A child pulls a wagon with a force of 33 N by a handle making an angle of 11 degrees with the horizontal. If the wagon has a mass of 5.5 kg, to the nearest hundredth of a m/s2 what is the acceleration of the wagon?
To find the acceleration of the wagon, we can use Newton's second law of motion, which states that the net force acting on an object is equal to the mass of the object multiplied by its acceleration.
First, let's calculate the horizontal component of the force applied by the child. This can be found using the formula: F_horizontal = F_applied * cos(theta), where F_applied is the force applied by the child and theta is the angle the handle makes with the horizontal.
F_horizontal = 33 N * cos(11 degrees)
F_horizontal ≈ 33 N * 0.9816 (since cos(11 degrees) is approximately 0.9816)

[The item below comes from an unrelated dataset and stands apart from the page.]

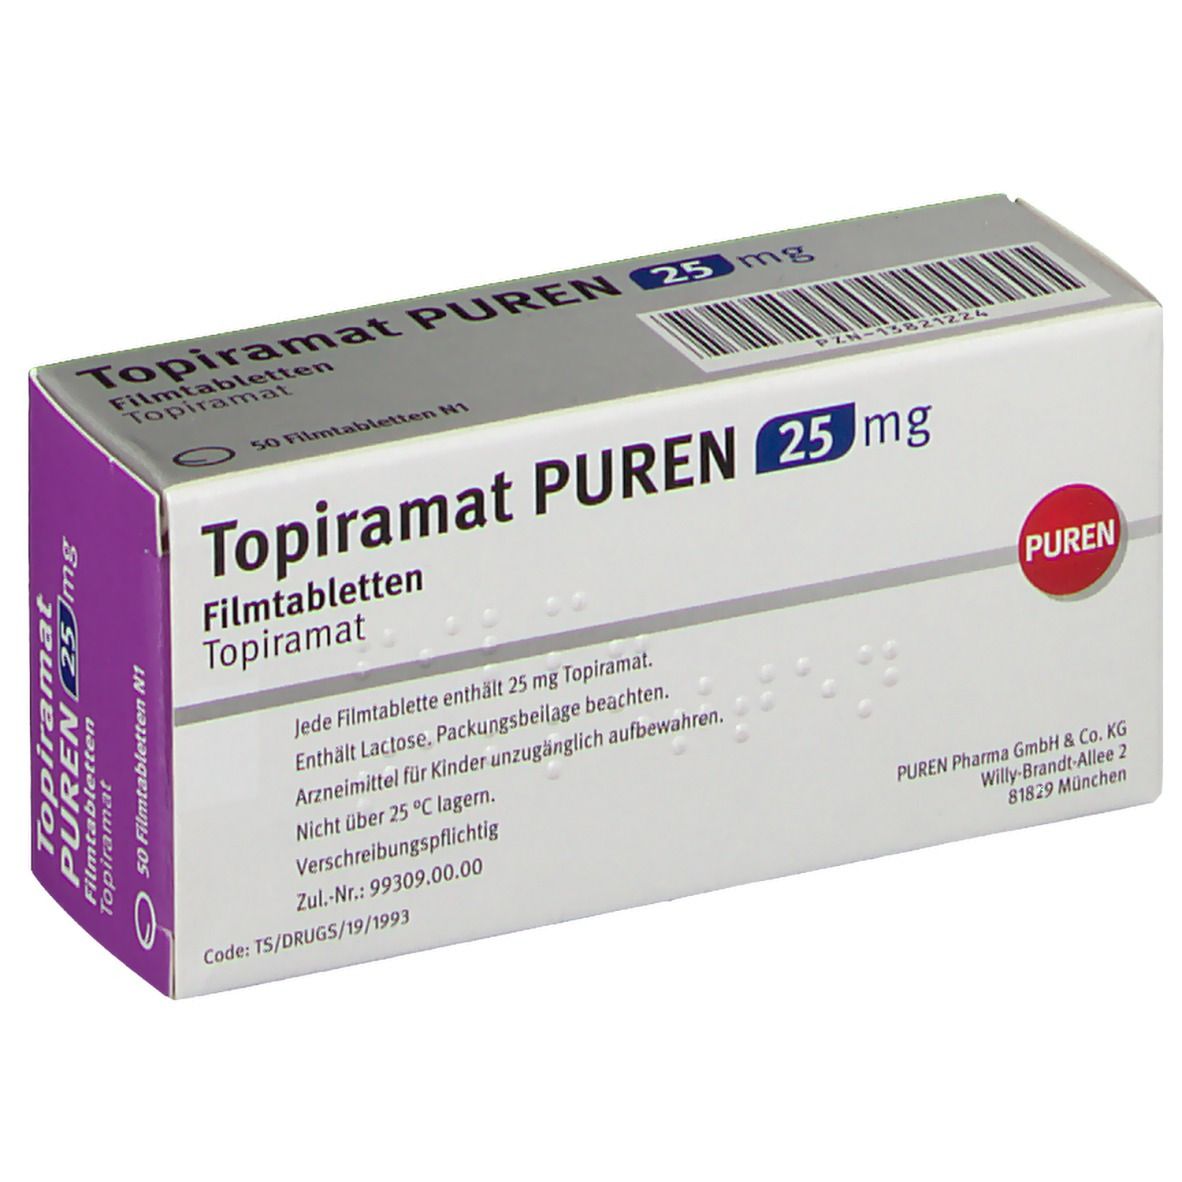 Topiramat PUREN 25 mg

F_horizontal ≈ 32.35 N (rounded to two decimal places)
Now, we have the horizontal force acting on the wagon. As there is no vertical force acting on the wagon, we can assume that all the applied force is solely responsible for the acceleration of the wagon in the horizontal direction.
Next, we can use Newton's second law to find the acceleration of the wagon. The formula is: F = m * a, where F is the net force, m is the mass, and a is the acceleration.
Since the horizontal force is acting in the direction of motion, it can be considered as the net force.
32.35 N = 5.5 kg * a
a = 32.35 N / 5.5 kg
a ≈ 5.89 m/s^2 (rounded to two decimal places)
Therefore, the acceleration of the wagon is approximately 5.89 m/s^2 (to the nearest hundredth of a m/s^2).